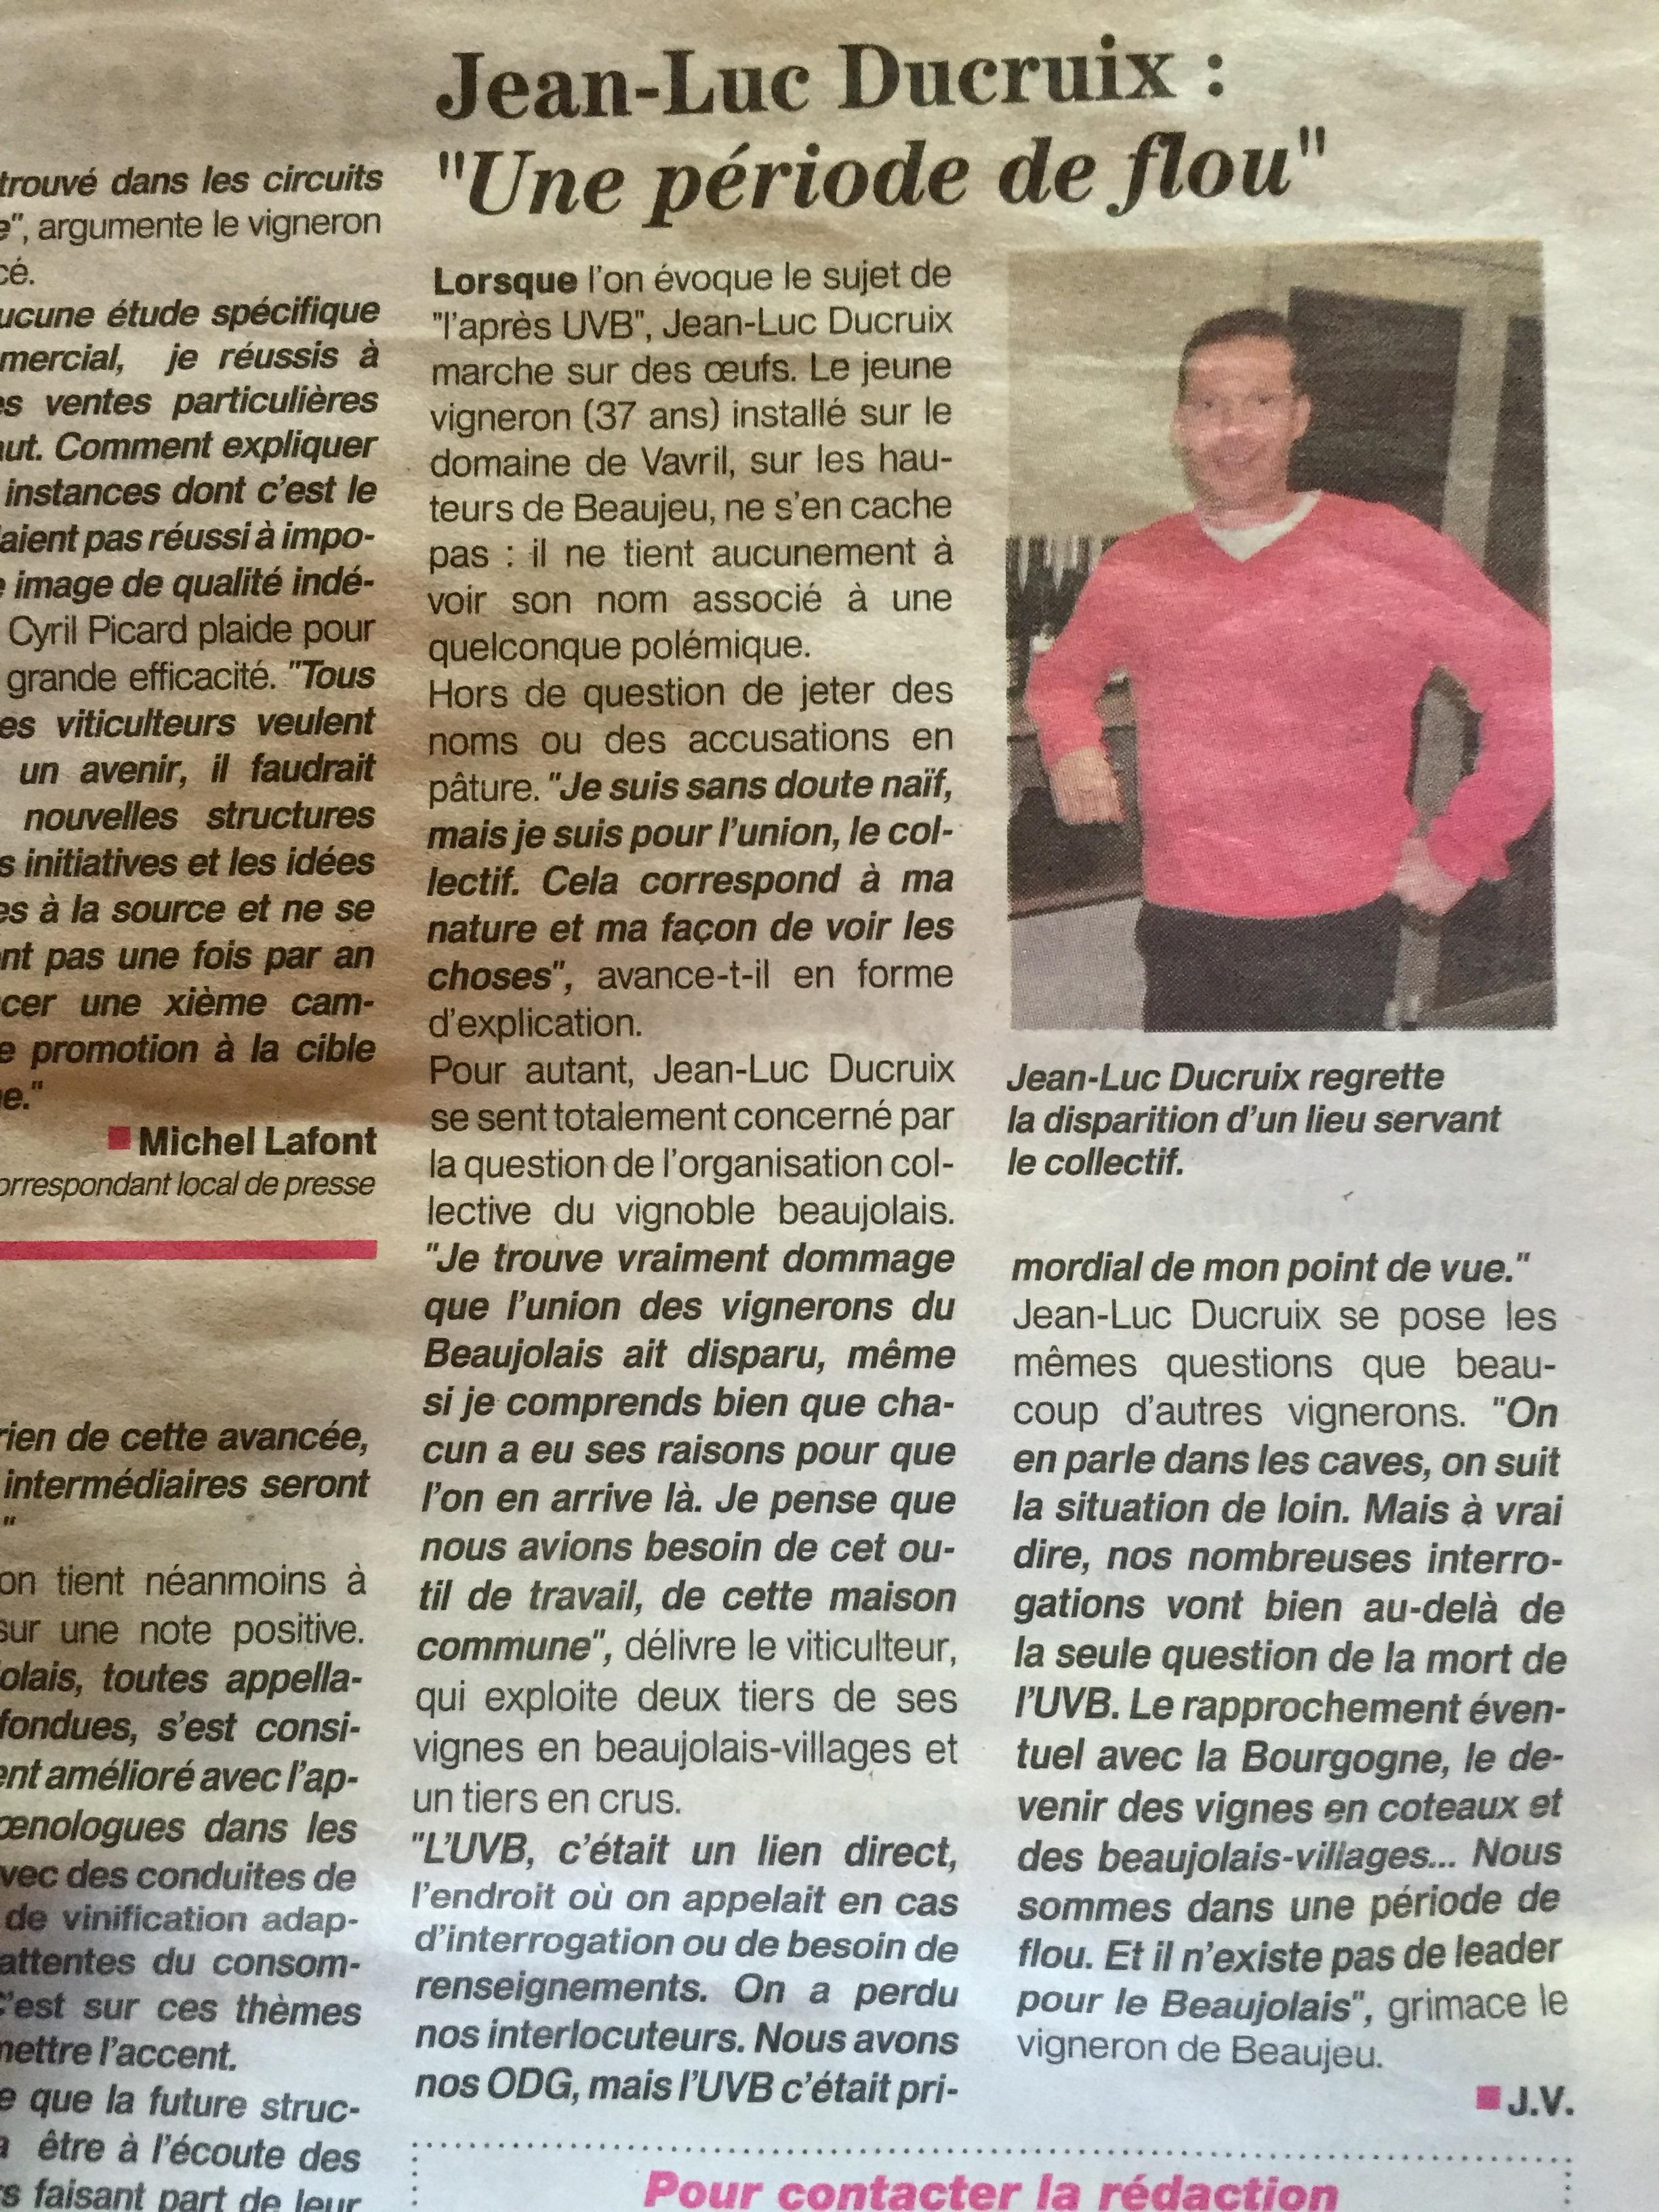 Le Patriote Beaujolais Val de Saone - Jean-Luc Ducruix 21-01-2016 - Une période de flou
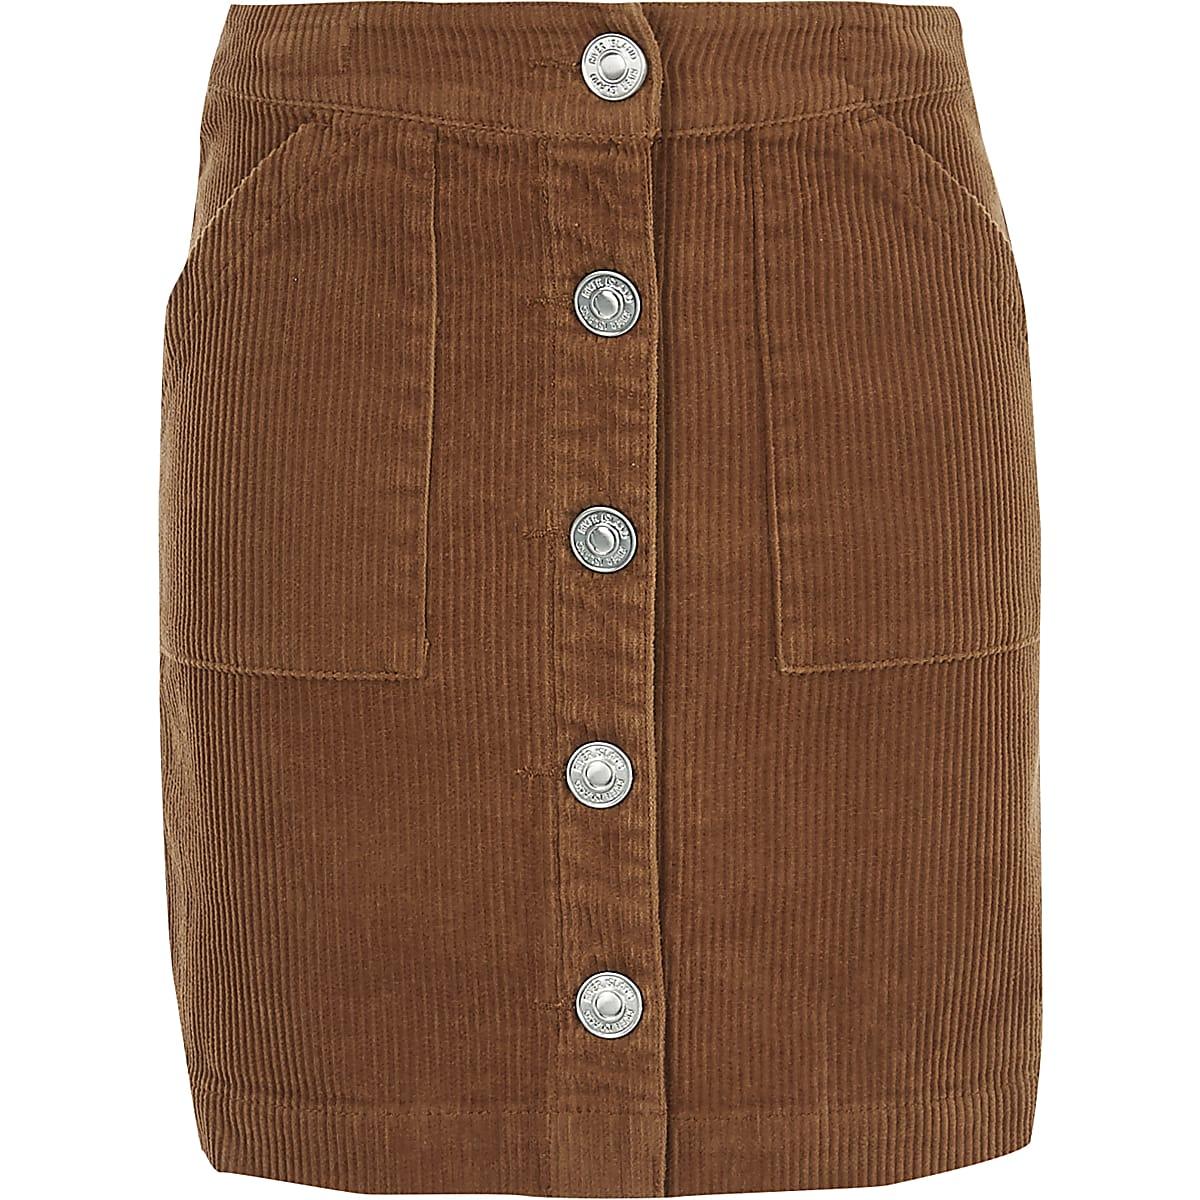 Girls brown cord A line skirt
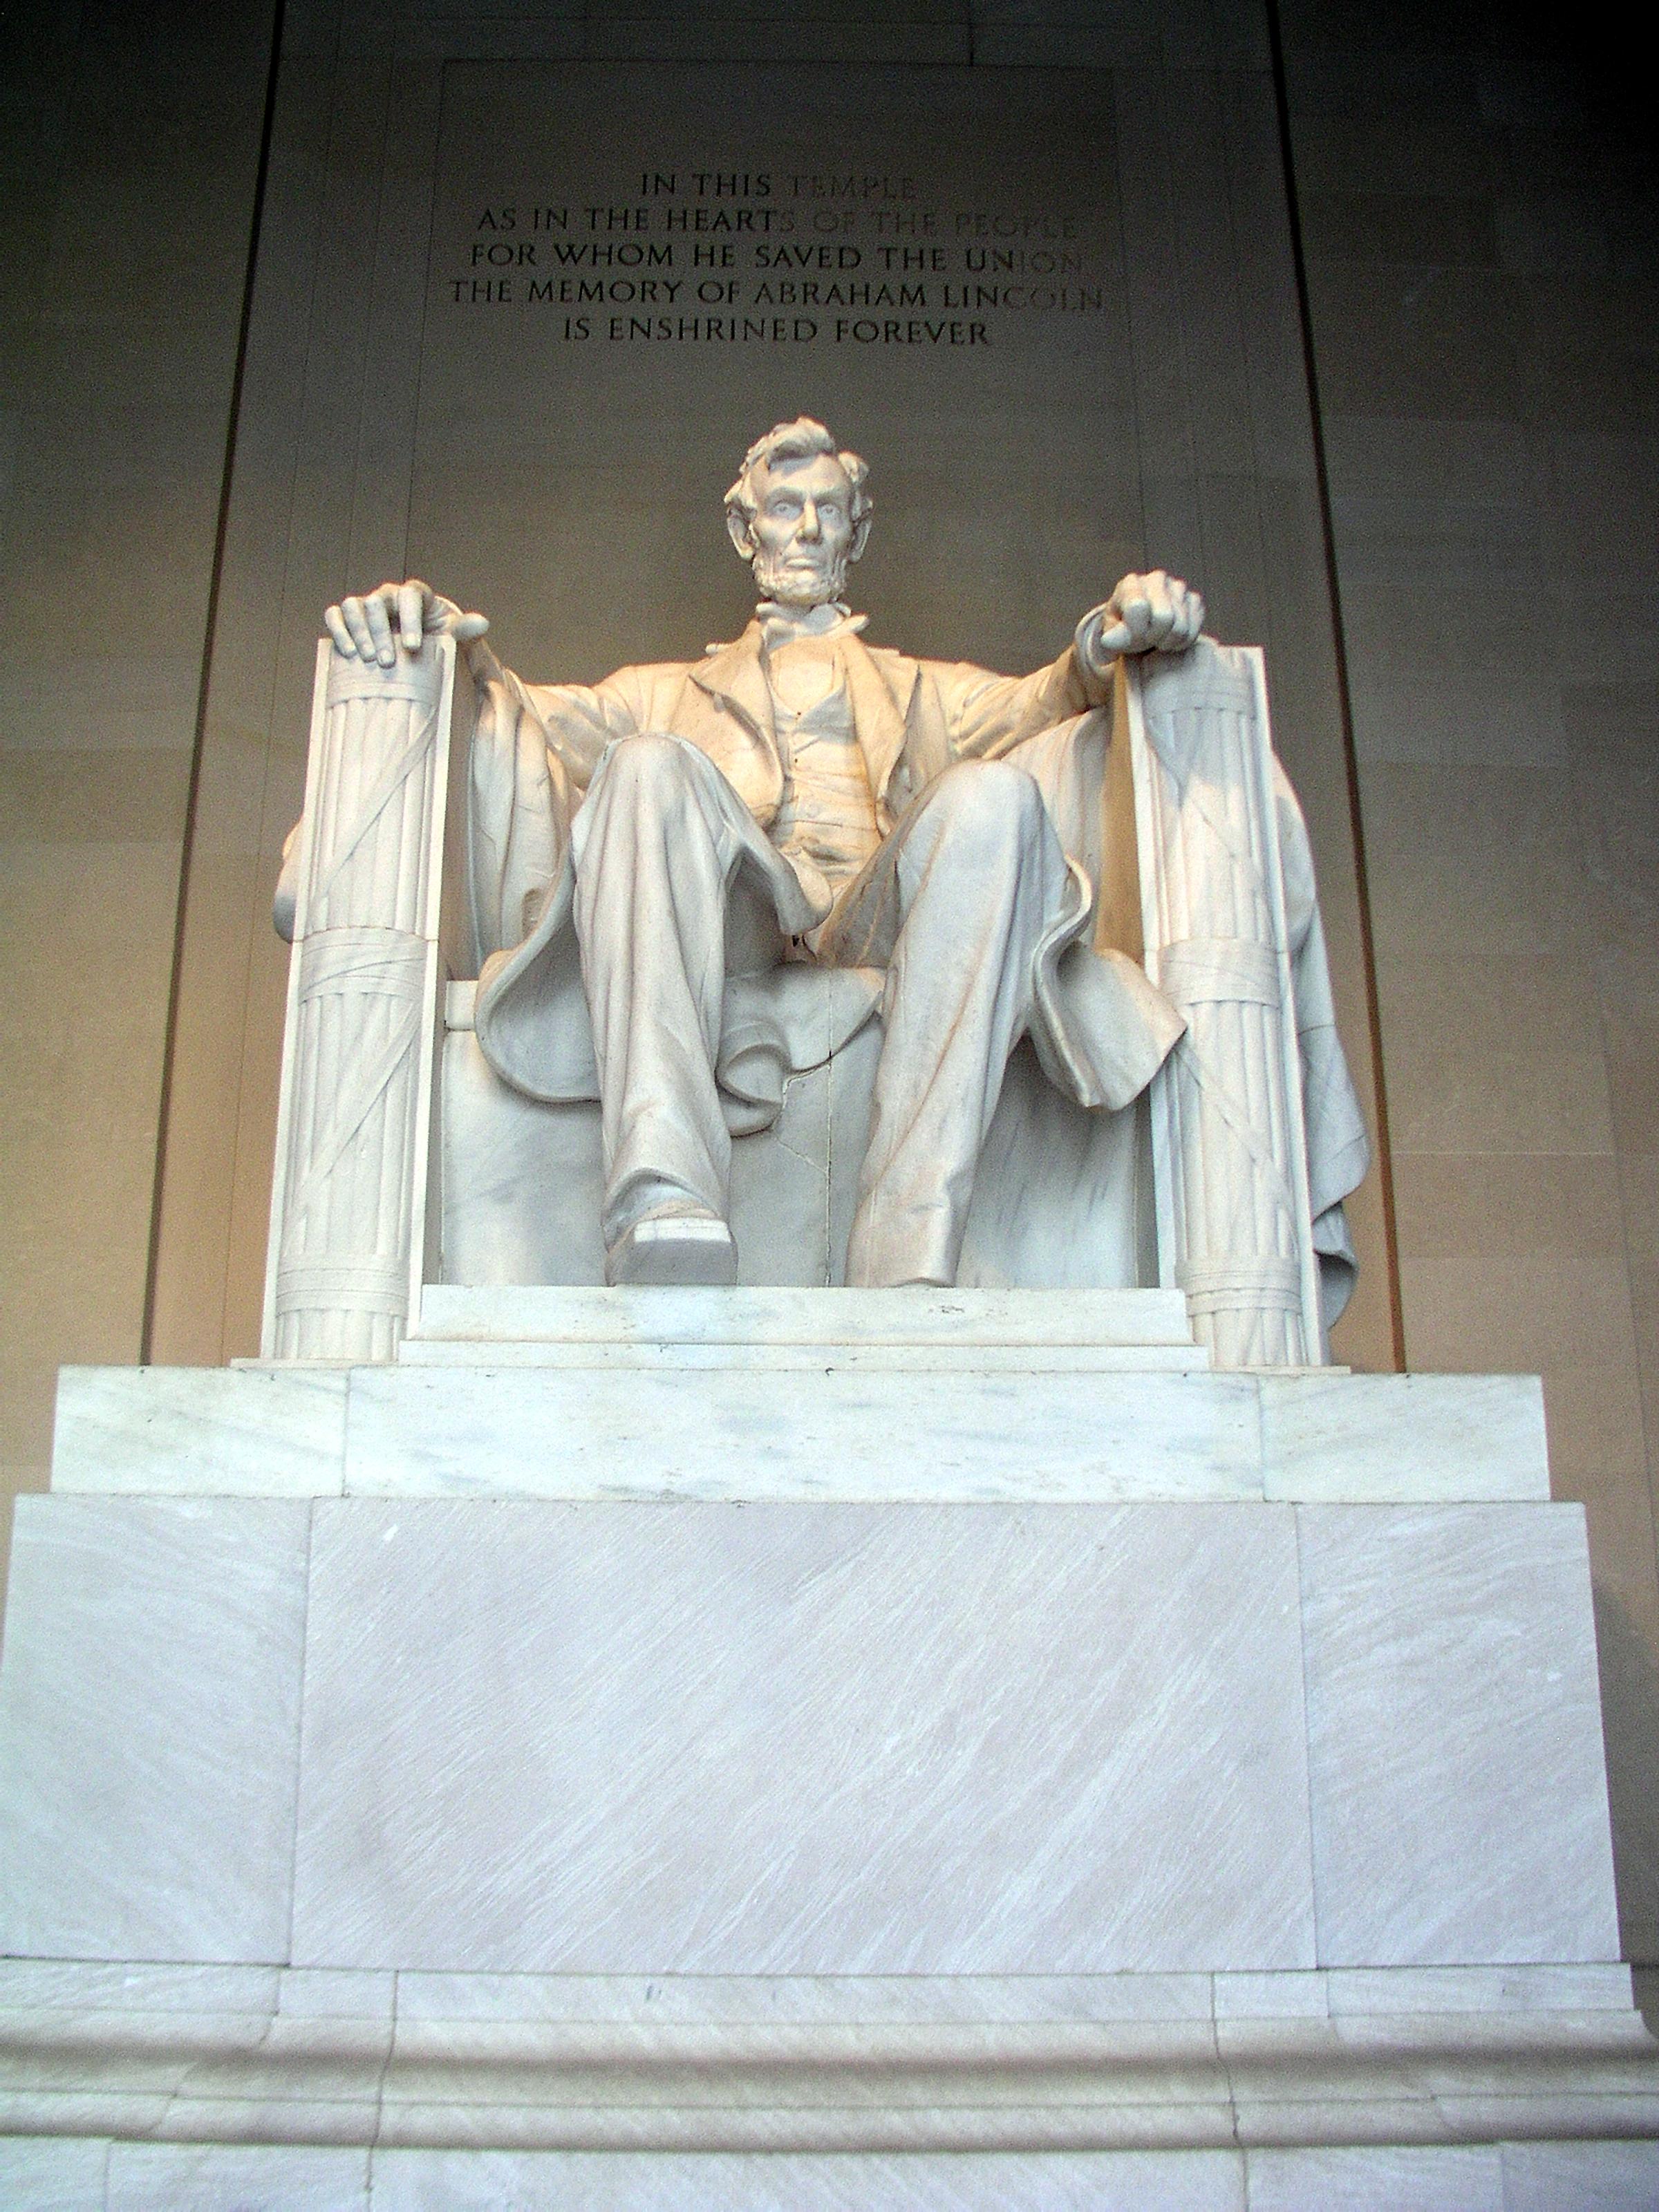 Spitzname Lincolns

■ **Requirement**
Apart from the images, print all the material above exactly as given.

■ **Reply**
 Le Patriote Beaujolais Val de Saone - Jean-Luc Ducruix 21-01-2016 - Une période de flou
 Girls brown cord A line skirt
 Spitzname Lincolns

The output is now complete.